FuriosaAI (퓨리오사AI) and Broadcom are co-developing a next-generation AI accelerator built on a 2nm pr...
The AMW Read
Updates the AI infrastructure player map with a new partnership structure (inference boutique + networking hyperscaler) that could reshape competitive dynamics; significance at segment level because it challenges NVIDIA's inference silicon dominance.

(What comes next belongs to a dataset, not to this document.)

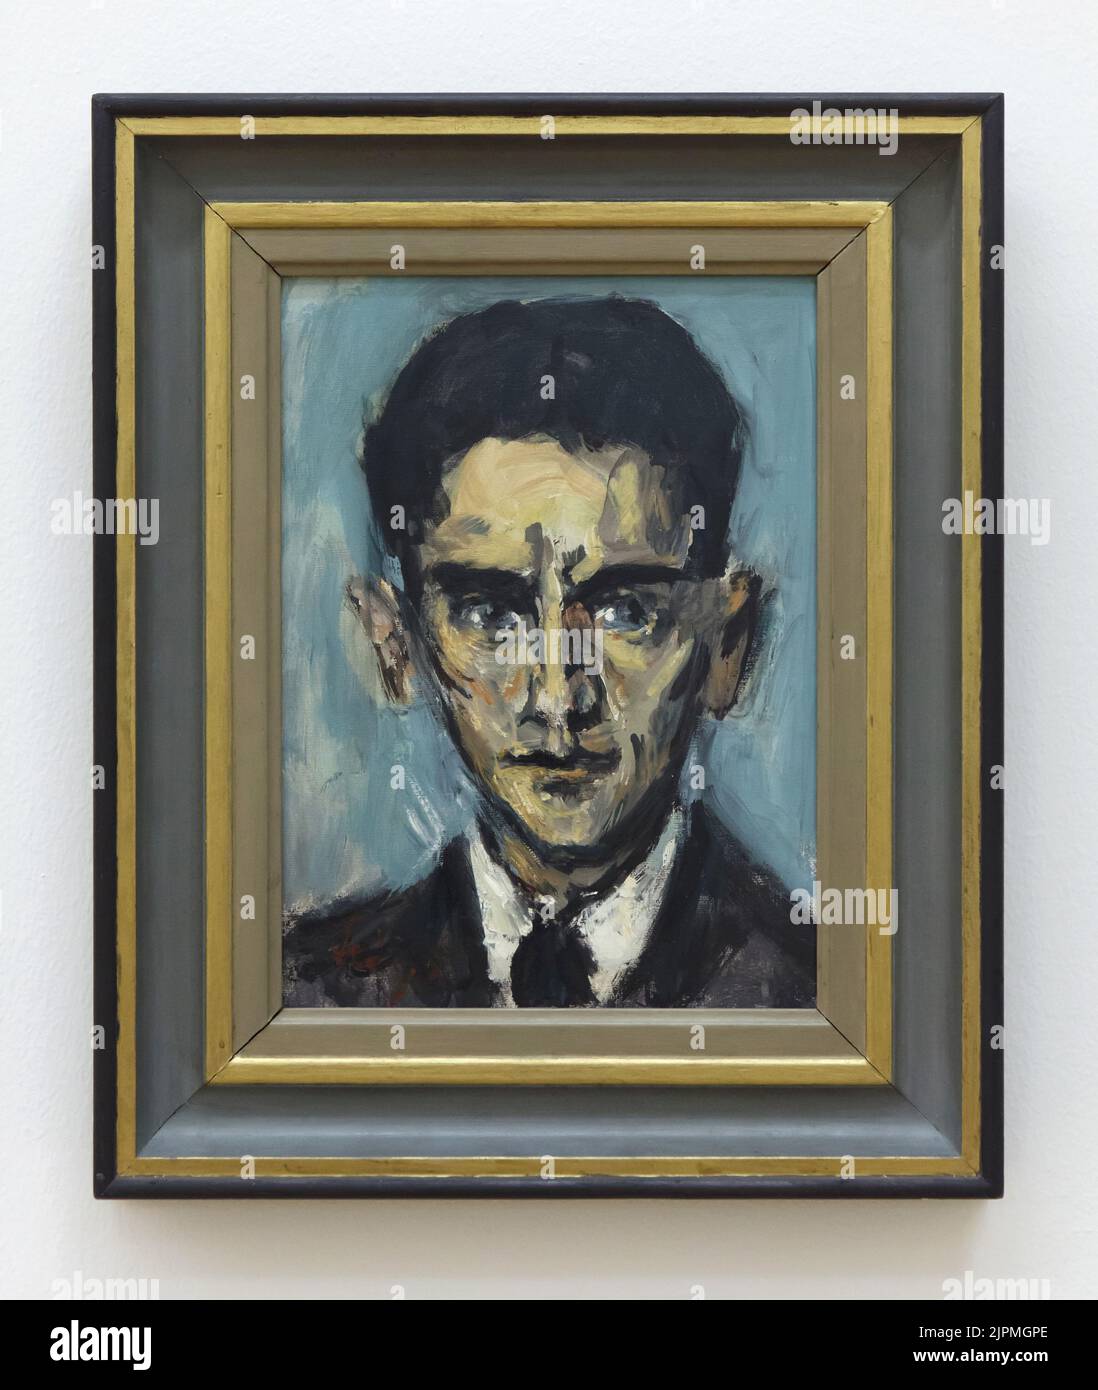 Ritratto di Franz Kafka del pittore ceco-ebraico Bedřich (Friedrich) Feigl (1940) su disрlау nel Кunstfоrum Оstdеutsсhе Gаlеriе a Rеgеnsburg, Gеrmаnу. Foto Stock

FuriosaAI (퓨리오사AI) and Broadcom are co-developing a next-generation AI accelerator built on a 2nm process, with sampling targeted for the first half of 2028. The chip will integrate FuriosaAI's proprietary Tensor Contraction Processor (TCP) architecture into a multi-die chiplet system, combined with Broadcom's AI networking and high-bandwidth Ethernet switch technology. The third-generation accelerator will use HBM4/4E memory. The partnership builds on FuriosaAI's second-generation RNGD (Renegade) accelerator — a 180W PCIe card built on TSMC 5nm with SK Hynix HBM3 — which has already been validated by Samsung SDS and LG AI Research.

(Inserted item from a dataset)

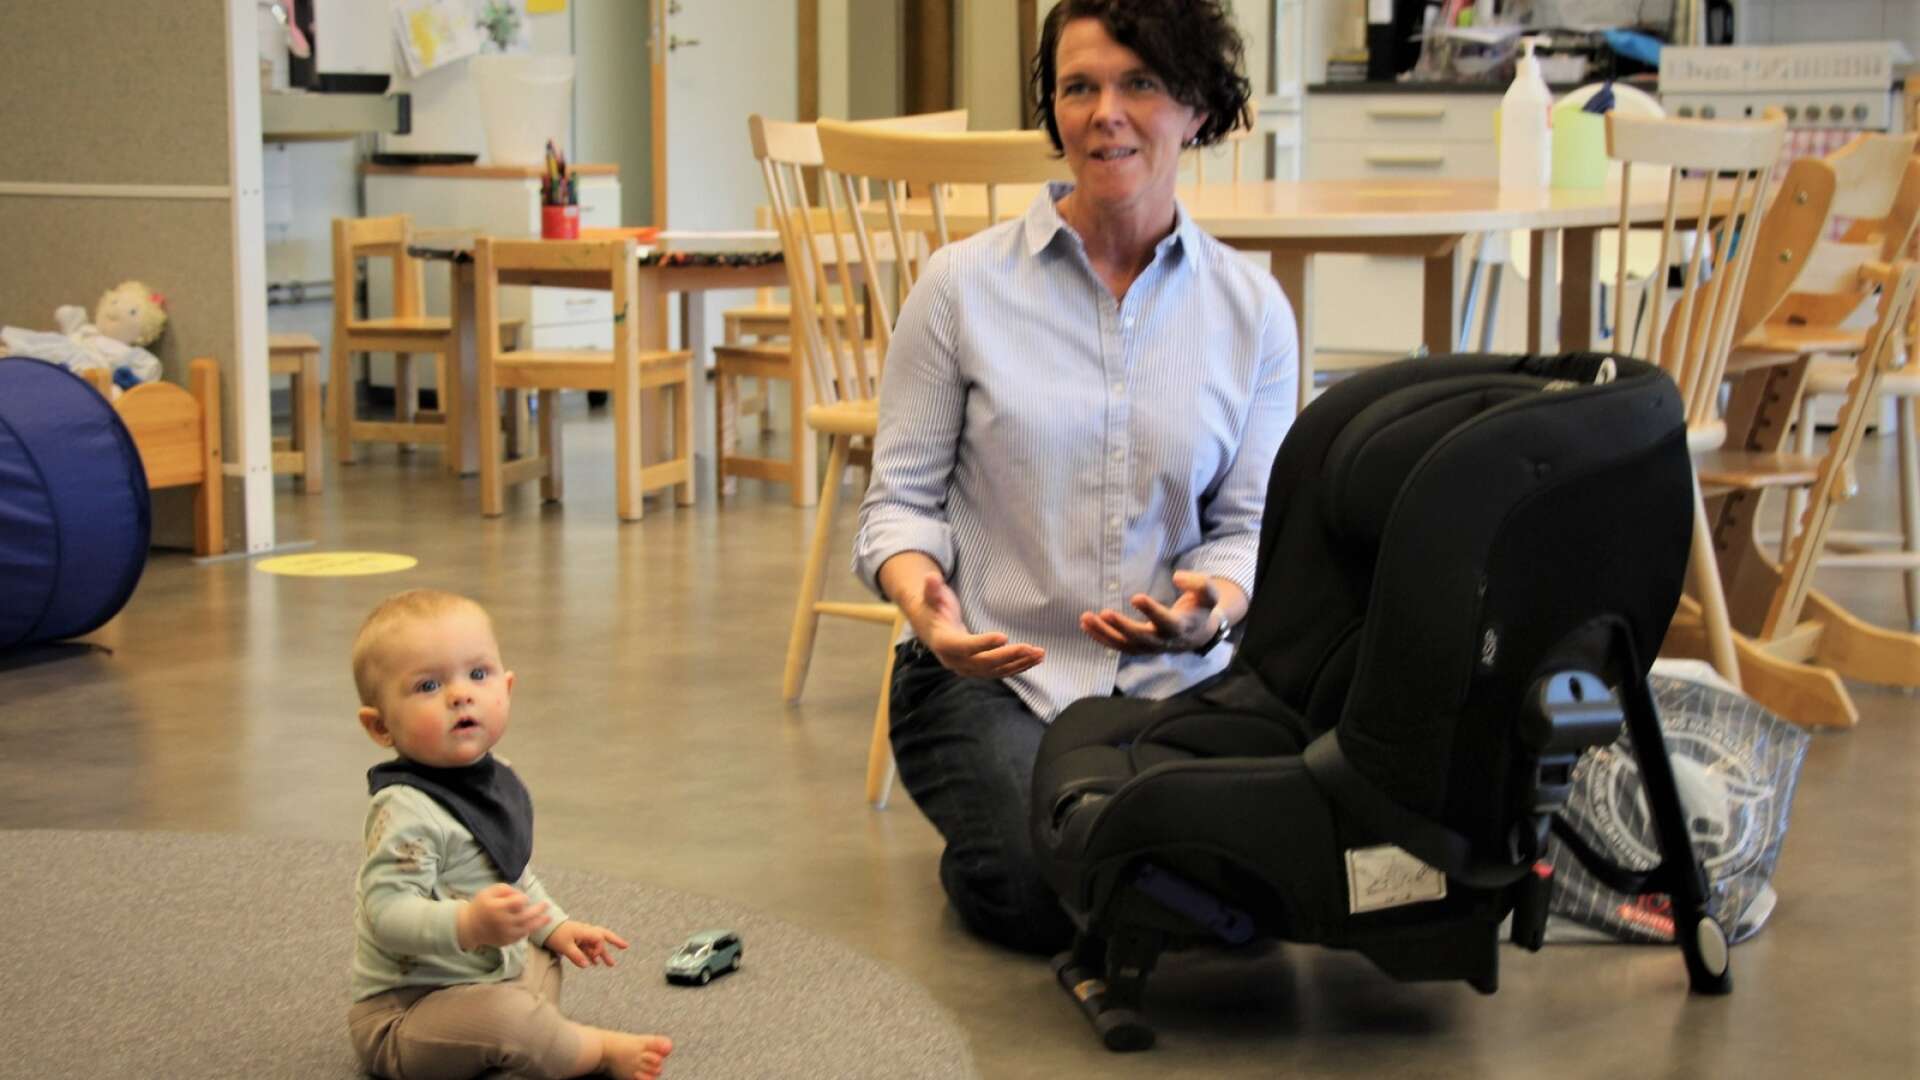 Petra Hansson informerade föräldrar på familjecentralen Pärlan om barnsäkerhet i bil. Selma Gillström var mycket intresserad av det som sades.

Why it matters: This partnership exemplifies the hyperscaler-distribution moat pattern in the AI silicon substrate. FuriosaAI is not a foundry or a networking giant — it is an inference-architecture boutique (the TCP design) that needs Broadcom's hyperscale deployment infrastructure, networking ASICs, and deep ties to cloud builders to escape the vendor-lock death zone that has killed many AI chip startups. Broadcom, meanwhile, gains a differentiated inference silicon partner to counterbalance its existing ASIC relationships. The 2nm timeline (2028 sampling) places this squarely in the post-Hopper, post-Blackwell era, meaning FuriosaAI is betting that inference-power efficiency — not just raw matrix math — will determine the next capital-cycle winner.
Expert take: FuriosaAI's CEO Baek Jun-ho (백준호) made a pointed claim: that the combined TCP architecture and Broadcom infrastructure will deliver industry-best performance-per-watt for hyper-scale agentic AI environments. Broadcom's Charlie Kawwas reinforced that inference performance is now driven by data reuse and communication efficiency across servers and racks, not just compute flops. This signals a structural shift: the scaling-law economics of inference are migrating from single-chip TOPS to rack-level networking efficiency, an advantage Broadcom is engineering directly into FuriosaAI's chiplet architecture. If the 2nm HBM4E accelerator hits its targets, FuriosaAI could become a credible third force in inference silicon alongside NVIDIA and AMD — but only if Broadcom's distribution muscle reaches the largest cloud tenants.